The extract of the hortensia root, of the Hydrangea genre, which grows in Tibet and Nepal and is known by the name of Chang Shan, has been used for centuries by Chinese medicine to cure malaria.
Recent studies have shown that halofungione, a compound derived from this extract, could be used to treat autoimmune diseases.
Researchers at the Harvard School of Dental Medicine have discovered the molecular secrets at the base of the efficacy of this phytotherapic extract. Thanks to their study, researchers have demonstrated that halofungione (HF) activates a biochemical path that can block the development of a powerful class of immune cells called TH17.
“HF selectively inhibits the immune response without suppressing the entire immune system”, explains Malcolm Whitman, professor of developmental biology at the Harvard School of Dental Medicine and senior author of this new study. “This compound could inspire new therapeutic approaches to a large range of autoimmune diseases.”
A preceding study had demonstrated that HF can reduce the fibrosis of tissues and the symptoms of autoimmune diseases such as scleroderma or multiple sclerosis, and even the progress of tumors.
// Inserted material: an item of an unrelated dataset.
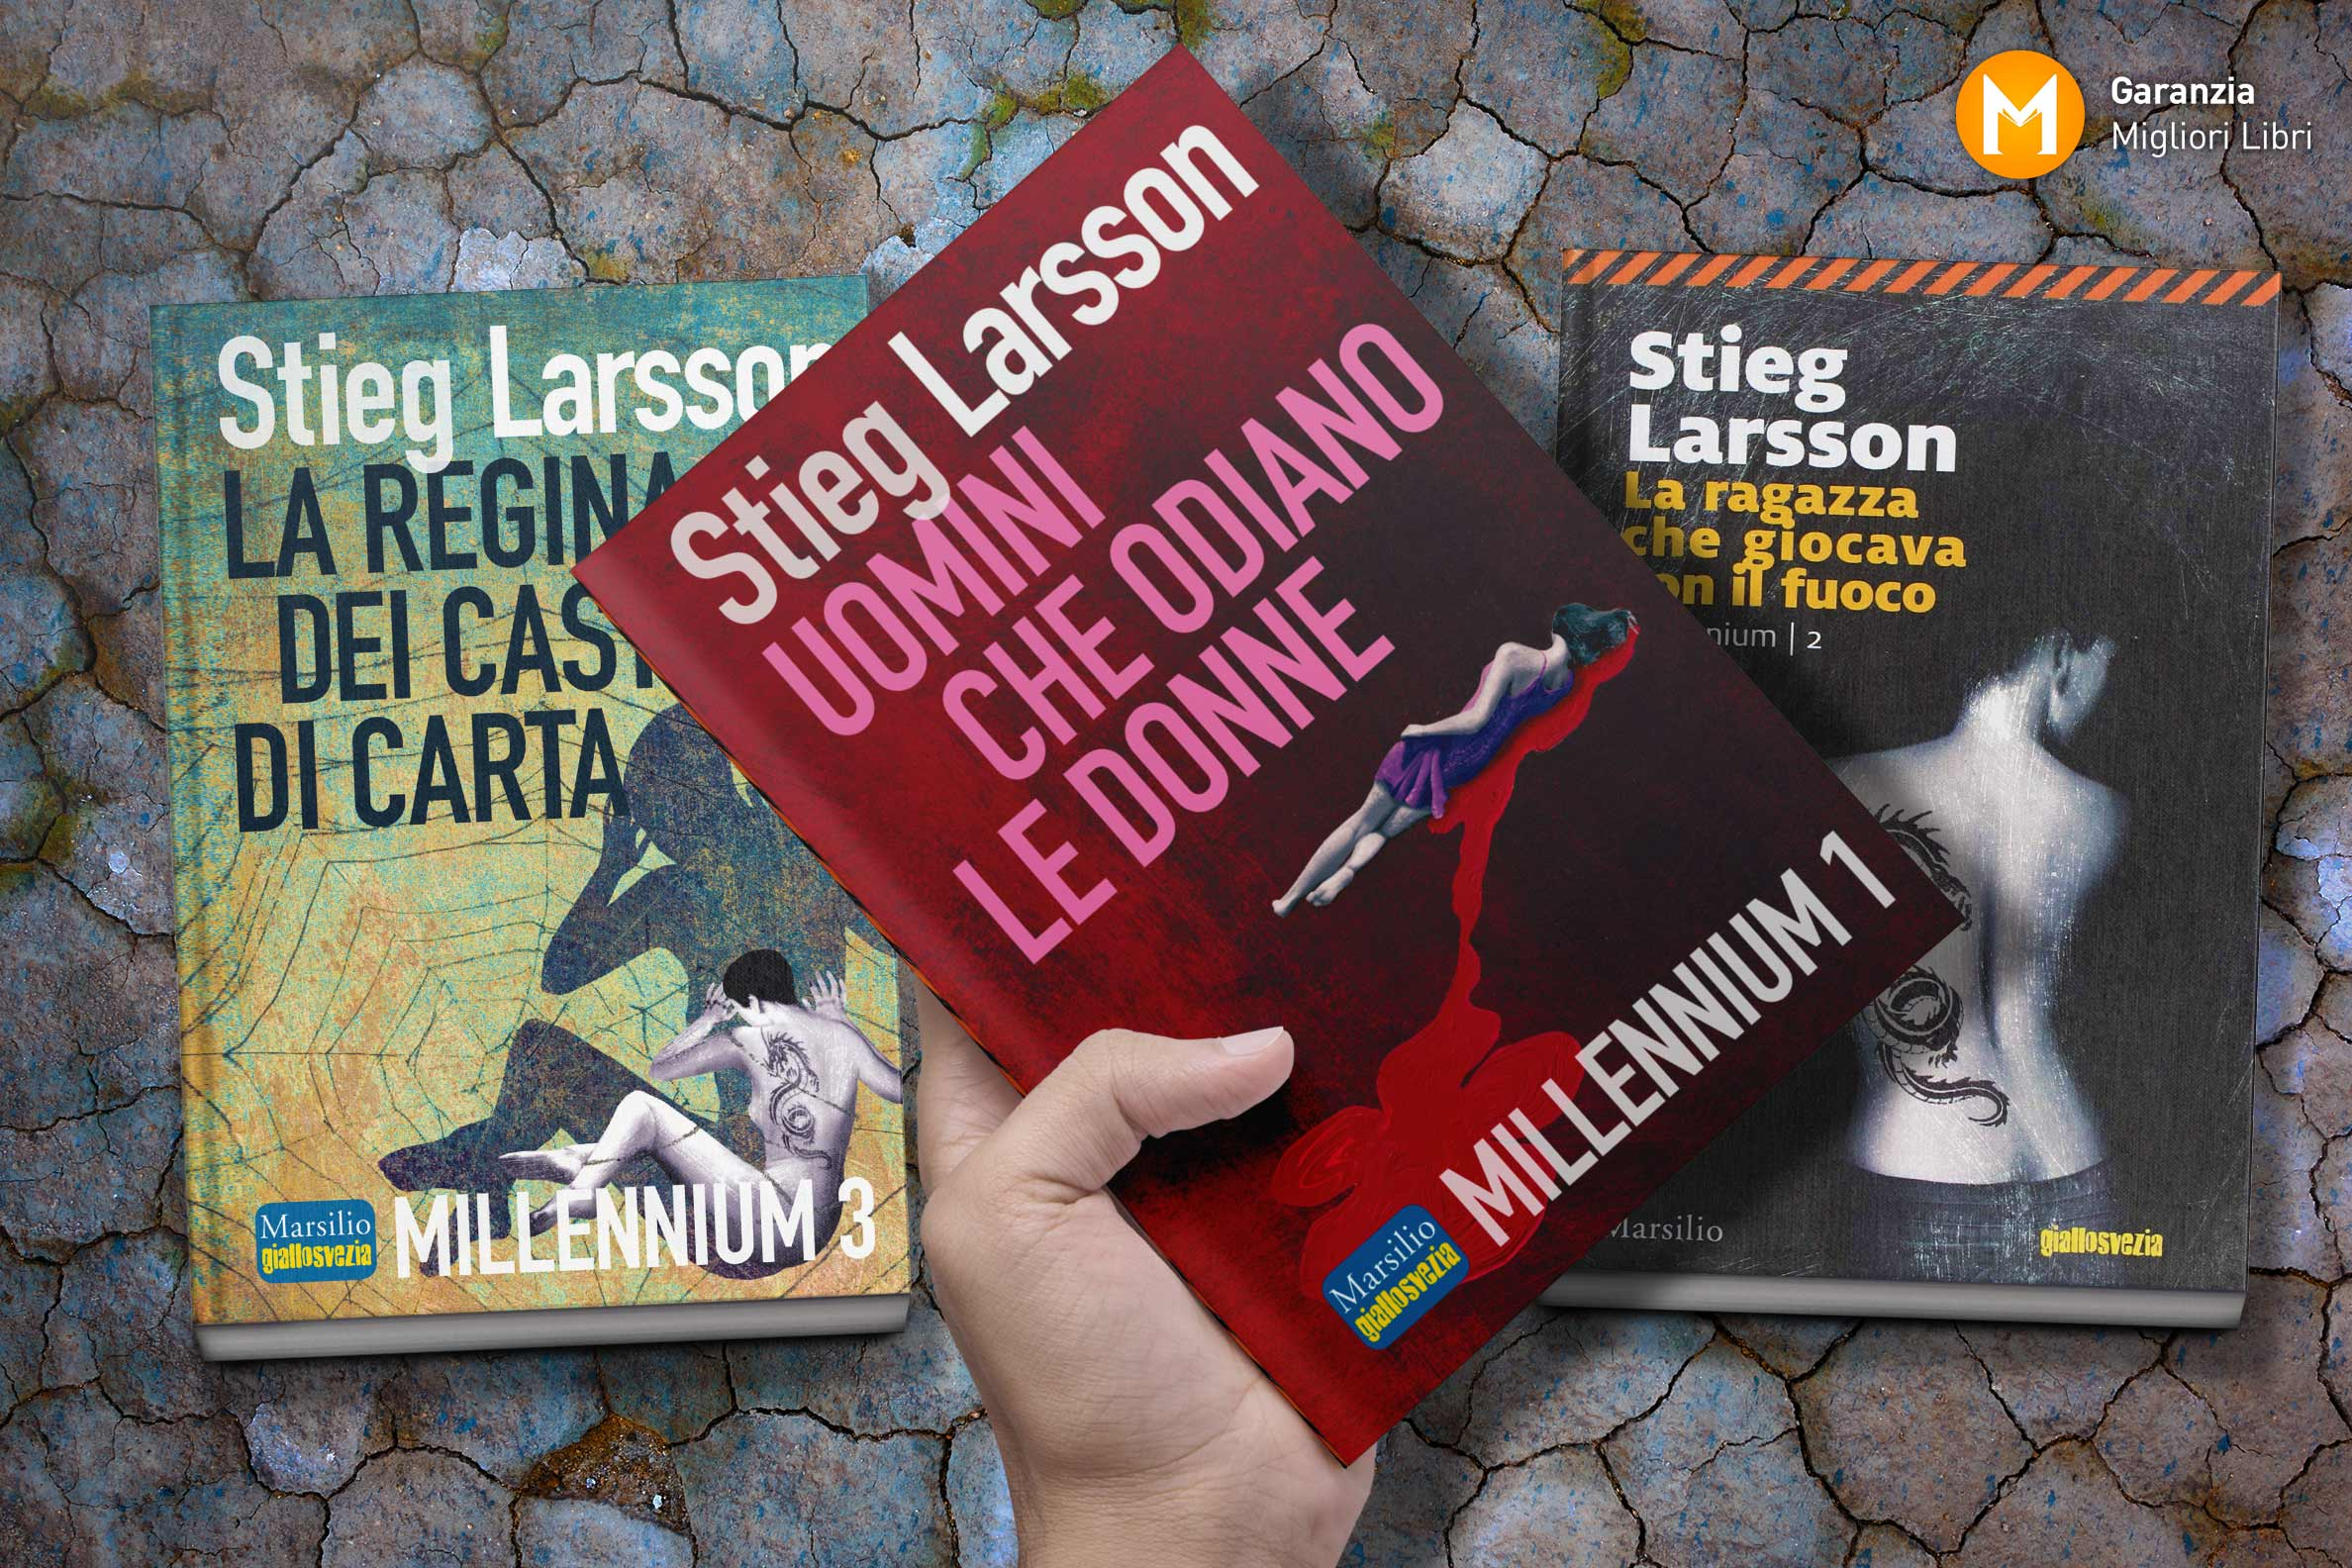 libri-stieg-larsson

“ That research gave rise to the hypothesis that HF could act on sundry processes with ultimate final effects”, adds Keller. Thanks to the studies of Keller and colleagues in 2009 it was demonstrated that HF protects the organism from the dangerous Th17 cells, that are involved in various autoimmune diseases, without influencing in any significant way the benefits of other immune cells.
Researchers discovered that small doses of HF could reduce the symptoms of multiple sclerosis in laboratory mice and hypothesized that the same substance could represent the first example of a new class of pharmaceuticals that could selectively inhibit autoimmune diseases without diminishing the efficiency of the immune system.
Additional analyses have clarified that HF was able to activate genes in a new biochemical pathway, an aminoacidic response denominated AAR, crucial in regulating the immune response and metabolic signals.
In this last study, researchers were able to determine the role of a single aminoacid, proline, and discovered that HF was able to inhibit a particular enzyme tRNA synthetase, denominated EPRS, responsible for the integration of proline in other proteins.
The authors of the study believe that the precision with which the role of HF was determined could pave the way for new pharmacological experiments on a wide range of diseases.